2. A Binary/Decimal Division Estimation Method:

The following graph, which shows the logarithms of chosen well-spaced numbers over a range of 10,000:1, is helpful in explaining the next steps of the procedure. We will use these particular values to in the graph to derive a fairly accurate logarithm of any number within that range. The log (N) is plotted below for the following values of N:

(a.) N = 1.414 (the square root of 2),

(b.) N = 2.828 (2 times square root of 2),

(c.) N = 5.656 (4 times square root of 2),

(d.) N = 8 (4 times 2)

(e.) N =10, apply to any decade (only four decades are illustrated). Notice that each the space between numbers is relatively even, which greatly simplifies the estimation procedure over any range!

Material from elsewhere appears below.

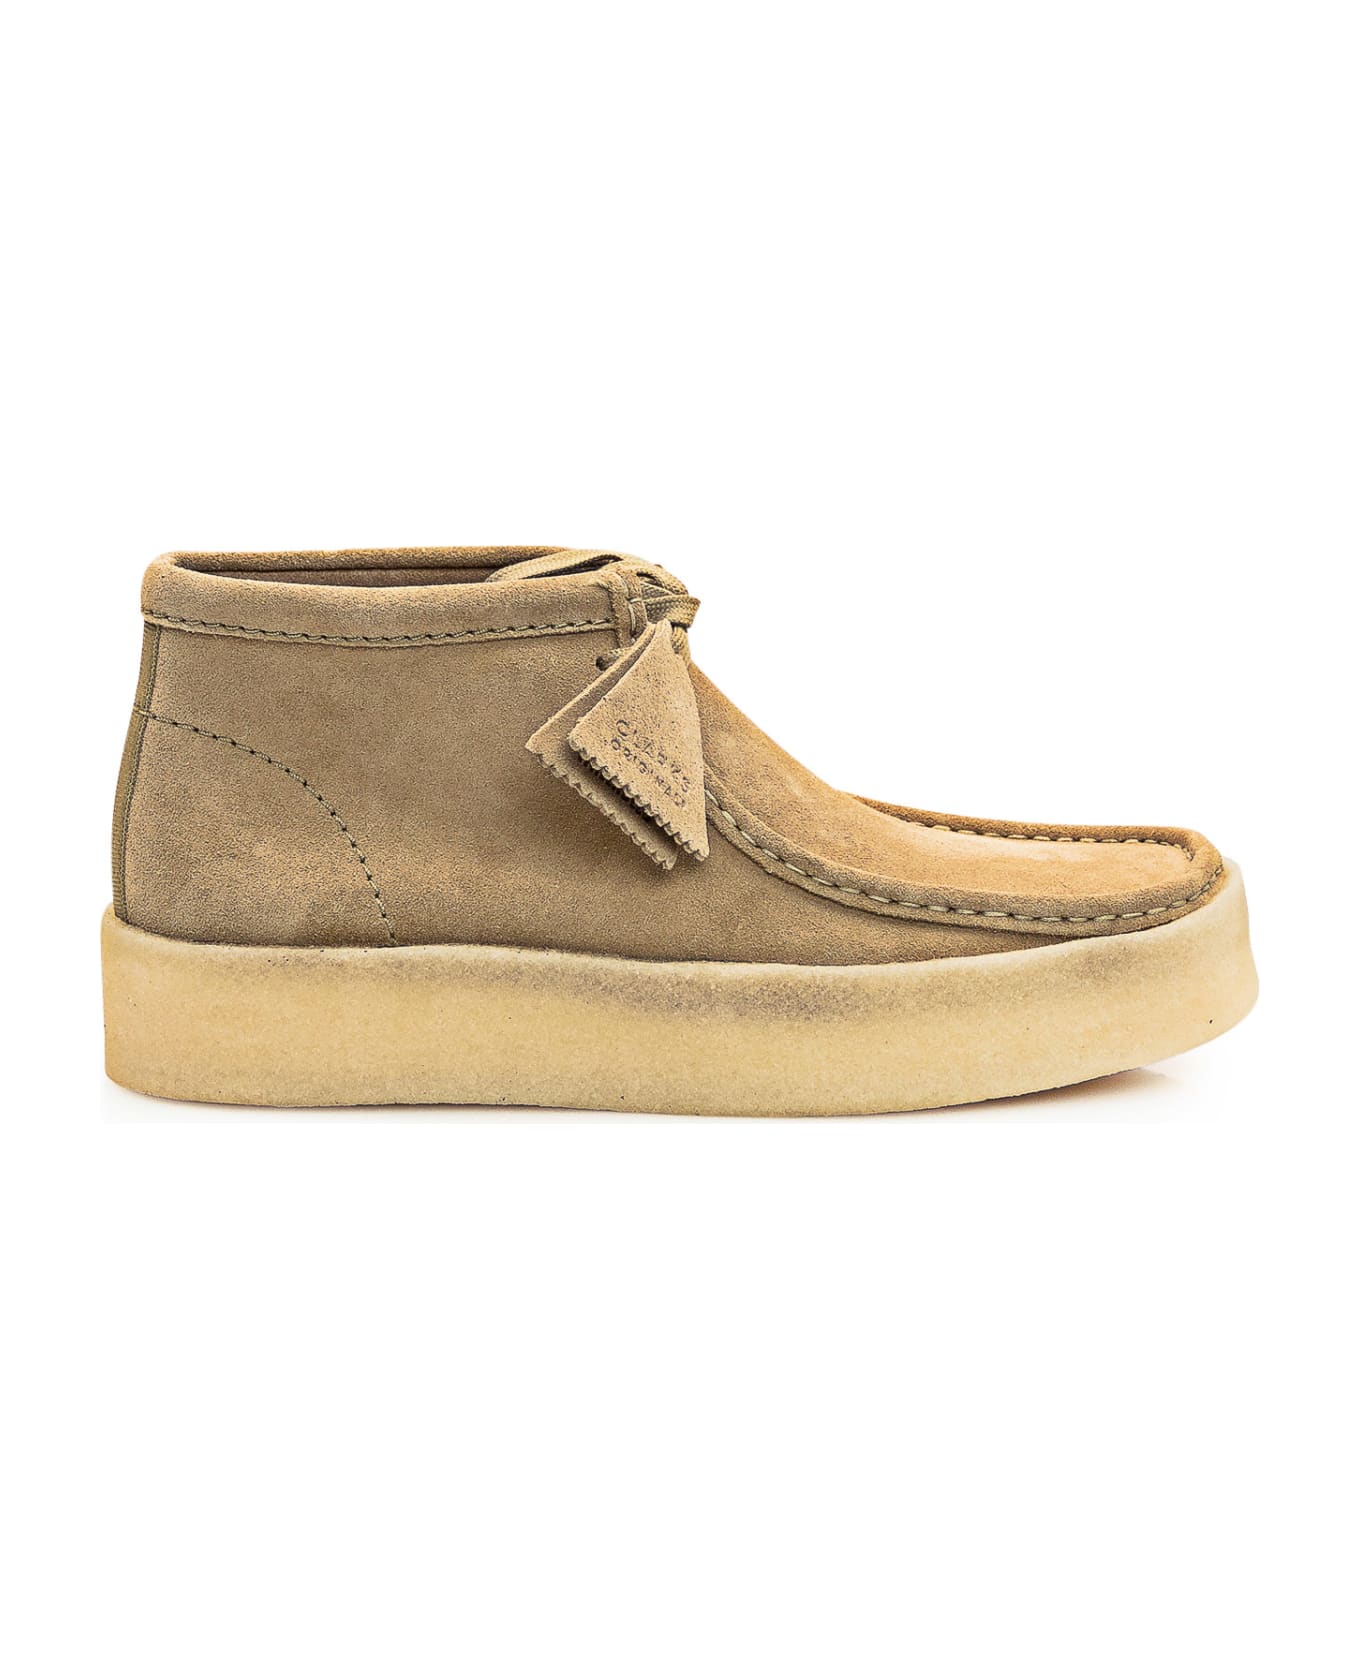 Clarks Wallabeecup Boots - MAPLE SUEDE

Using the above values, it is only necessary to remember one main number in order to obtain an accurate estimate of the logarithm of any number! The points plotted in the above graph include the values of N stated above for the intermediate points. For example, log (N) = log (2) = 0.301. .All of the values of the log(N) given above are multiples of either 0.301 or 0.301/2 = 0.1505 (Note that 0.1505 is the log of the square root of (2). So for this procedure, you only need to remember this number:

0.301

For the specific values N of 1, 2, 4, and 8 in the above graph, the logarithmic value increases by 0.301 in each decade [(0, 0.301, 0.602, and 0.903) = 0.301 x (0, 1, 2, 3)]. For instance, log (8) = 3 x log(2) = 3 x 0.301 = 0.903. We now have four binary-encoded decimal points in each decade, and a total of 16 additional points for the entire graph. Also, observe that the log of the square root of two is (0.301/2 = 0.1505), which allows us to obtain intermediate values between any two adjacent binary-value points on the above curve. This is not an exact interpolation method, but it is pretty good, and we can easily make it more accurate. Note: The last interval on each decade is shorter.

We can also divide numbers in a similar way in order to determine the log value. Choosing N = 10 for this example, if we divide N by two we get the number five. Again, log (N) = 1, but in this case, we divide N by two and we subtract the log value resulting in log (N/2) = log (5) = (1 - 0.301) = 0.699. The actual value is 0.69897... Similarly, log (N/4) = log (2.5) = (0.699 - 0.301) = 0.398. This gives us more points on the above graph if we choose to use them for greater accuracy or easier calculation.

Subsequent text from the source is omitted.